Test in Eclipse works but sbt throws MissingRequirementError: object scala.runtime in compiler mirror not found

I am messing around with parsing and scala.tools.nsc.interactive.Global in Scala and I ran into a problem while executing tests under sbt. The tests run fine from Eclipse both with JUnitRunner and the ScalaTest plugin. After long time spent on Google I can't figure out how to fix this.
When I execute sbt test the following error is thrown:
Exception encountered when attempting to run a suite with class name: compileutils.CompileTest *** ABORTED ***
[info] java.lang.ExceptionInInitializerError:
[info] at compileutils.CompileTest$$anonfun$3.apply$mcV$sp(CompileTest.scala:18)
[info] at compileutils.CompileTest$$anonfun$3.apply(CompileTest.scala:16)
[info] at compileutils.CompileTest$$anonfun$3.apply(CompileTest.scala:16)
[info] at org.scalatest.Transformer$$anonfun$apply$1.apply(Transformer.scala:22)
[info] at org.scalatest.Transformer$$anonfun$apply$1.apply(Transformer.scala:22)
[info] at org.scalatest.OutcomeOf$class.outcomeOf(OutcomeOf.scala:85)
[info] at org.scalatest.OutcomeOf$.outcomeOf(OutcomeOf.scala:104)
[info] at org.scalatest.Transformer.apply(Transformer.scala:22)
[info] at org.scalatest.Transformer.apply(Transformer.scala:20)

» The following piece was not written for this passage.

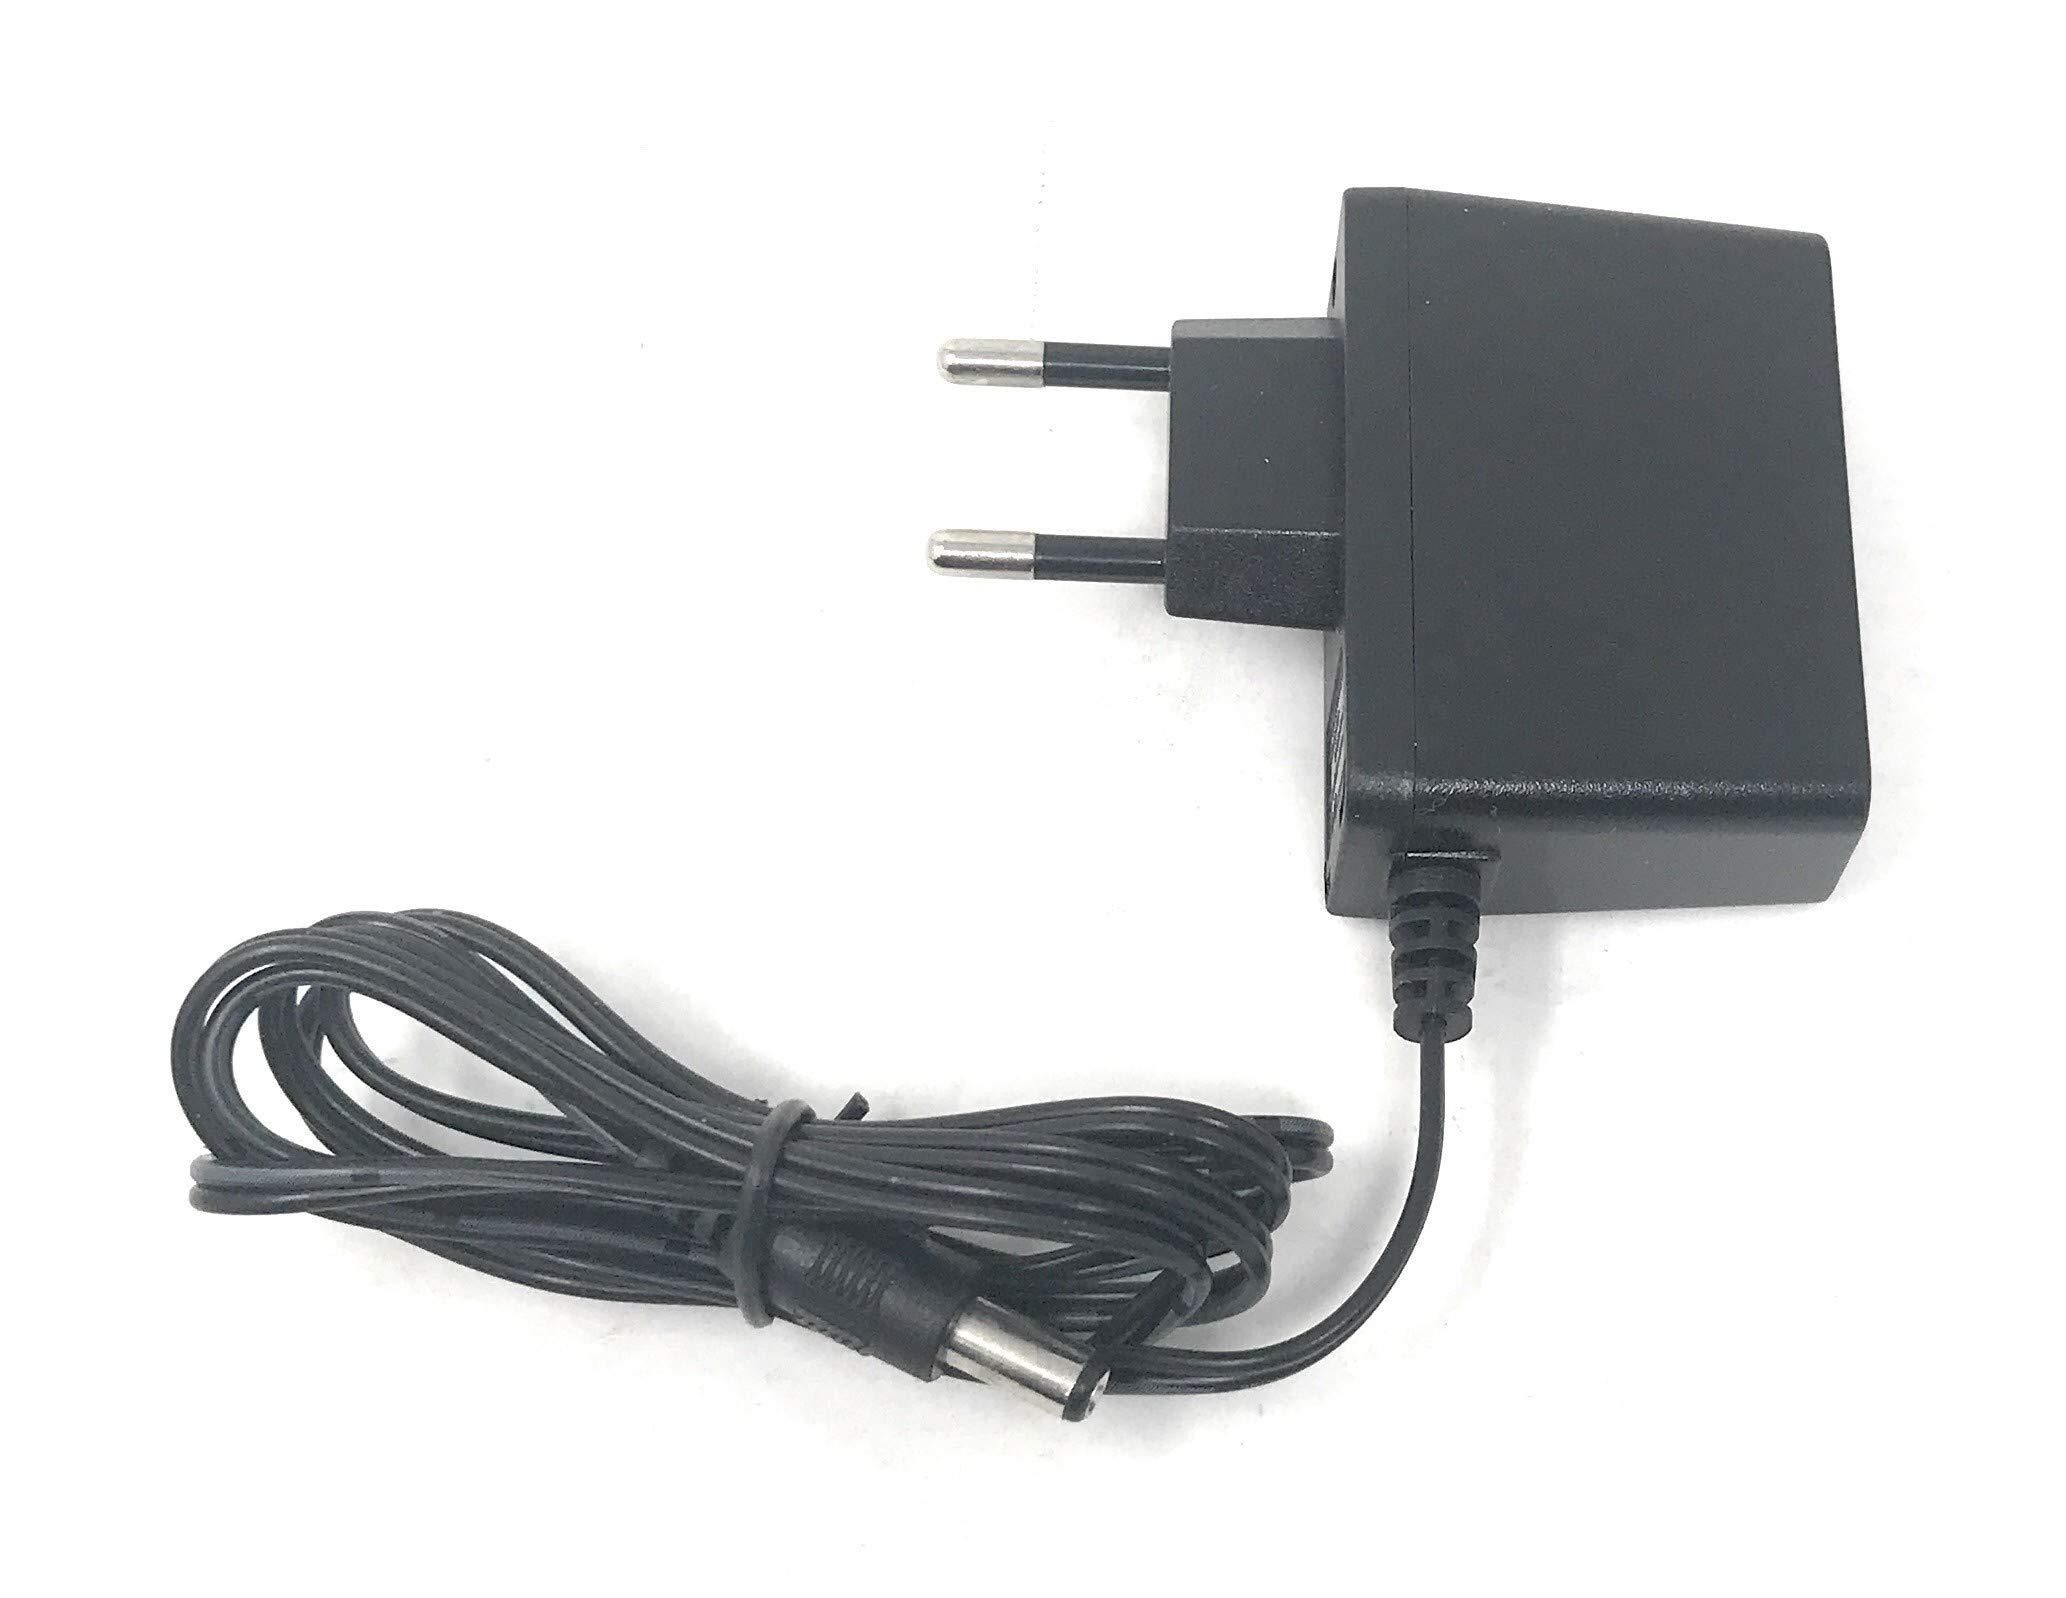 Tiempo de soldadura, adaptador convertidor para TV con toma hembra de euroconector compuesto a HDMI 1080P: Amazon.es: Electrónica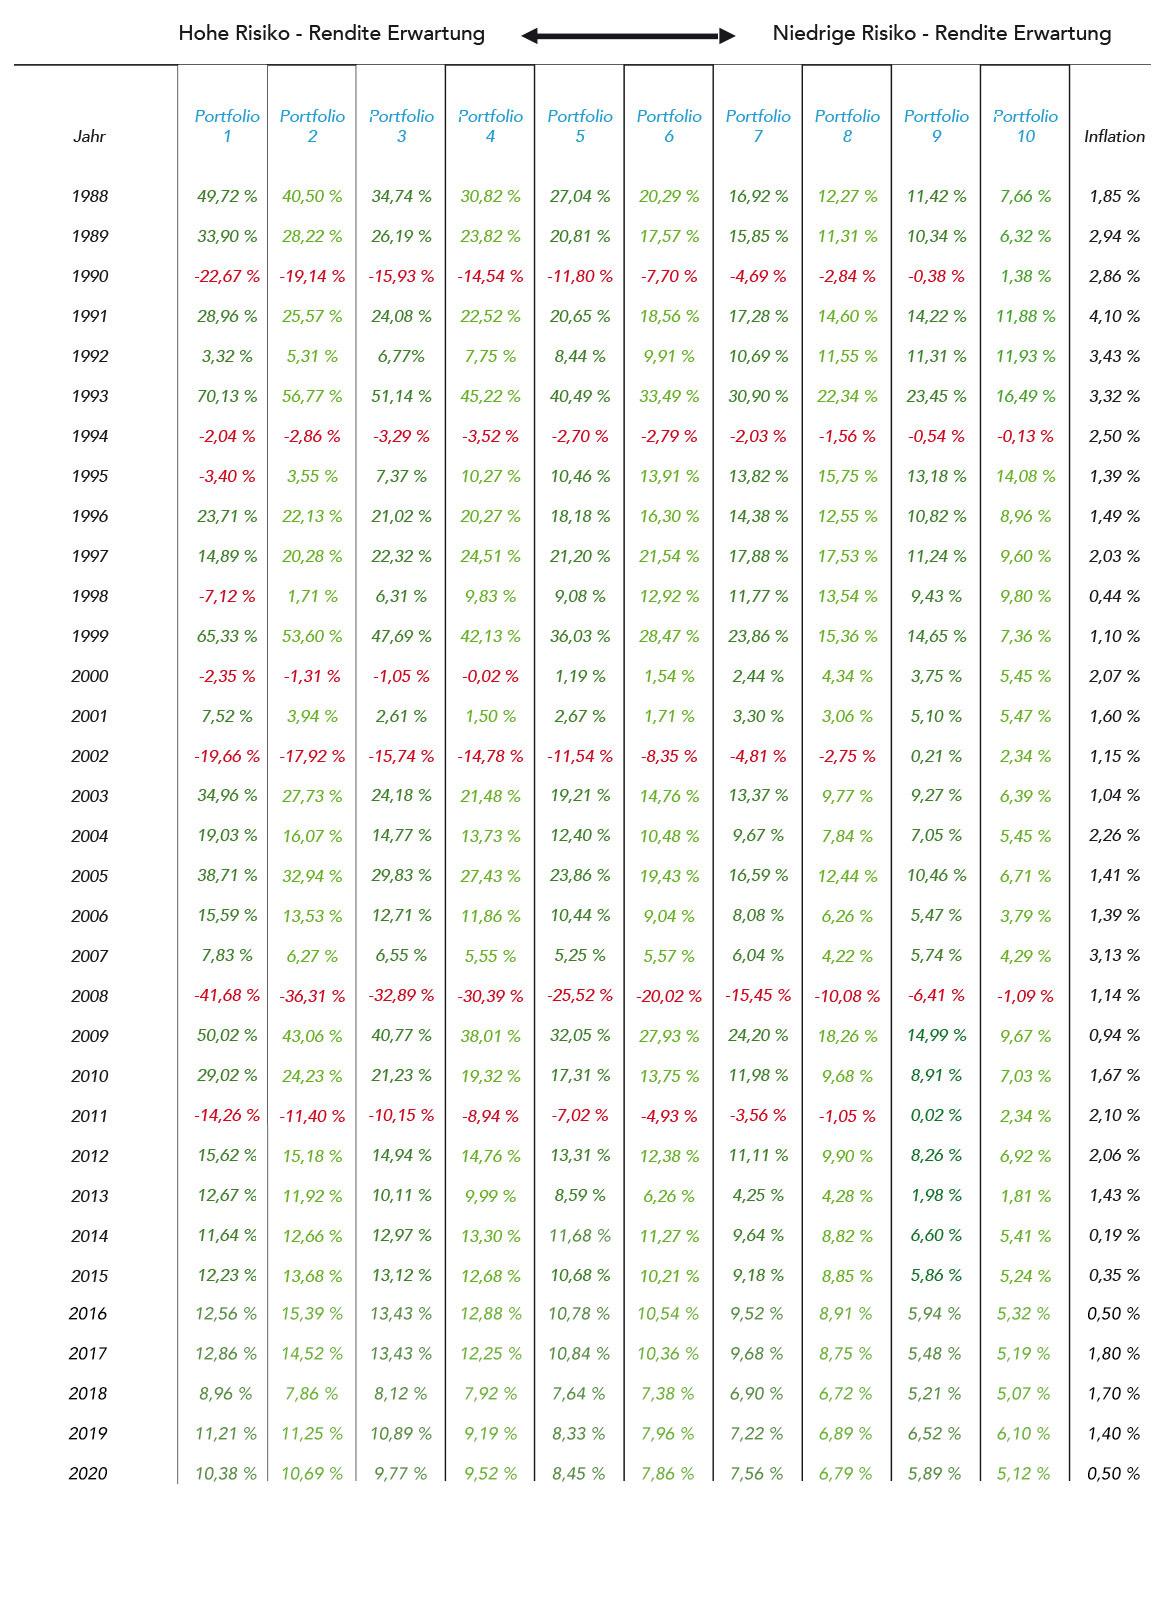 Renditen und Gewinne GZ Invest nach Kosten

[info] at org.scalatest.FunSuiteLike$$anon$1.apply(FunSuiteLike.scala:158)
[info] ...
[info] Cause: scala.reflect.internal.MissingRequirementError: object scala.runtime in compiler mirror not found.
[info] at scala.reflect.internal.MissingRequirementError$.signal(MissingRequirementError.scala:16)
[info] at scala.reflect.internal.MissingRequirementError$.notFound(MissingRequirementError.scala:17)
[info] at scala.reflect.internal.Mirrors$RootsBase.getModuleOrClass(Mirrors.scala:48)
[info] at scala.reflect.internal.Mirrors$RootsBase.getModuleOrClass(Mirrors.scala:40)
[info] at scala.reflect.internal.Mirrors$RootsBase.getModuleOrClass(Mirrors.scala:61)
[info] at scala.reflect.internal.Mirrors$RootsBase.getPackage(Mirrors.scala:172)
[info] at scala.reflect.internal.Mirrors$RootsBase.getRequiredPackage(Mirrors.scala:175)
[info] at scala.reflect.internal.Definitions$DefinitionsClass.RuntimePackage$lzycompute(Definitions.scala:183)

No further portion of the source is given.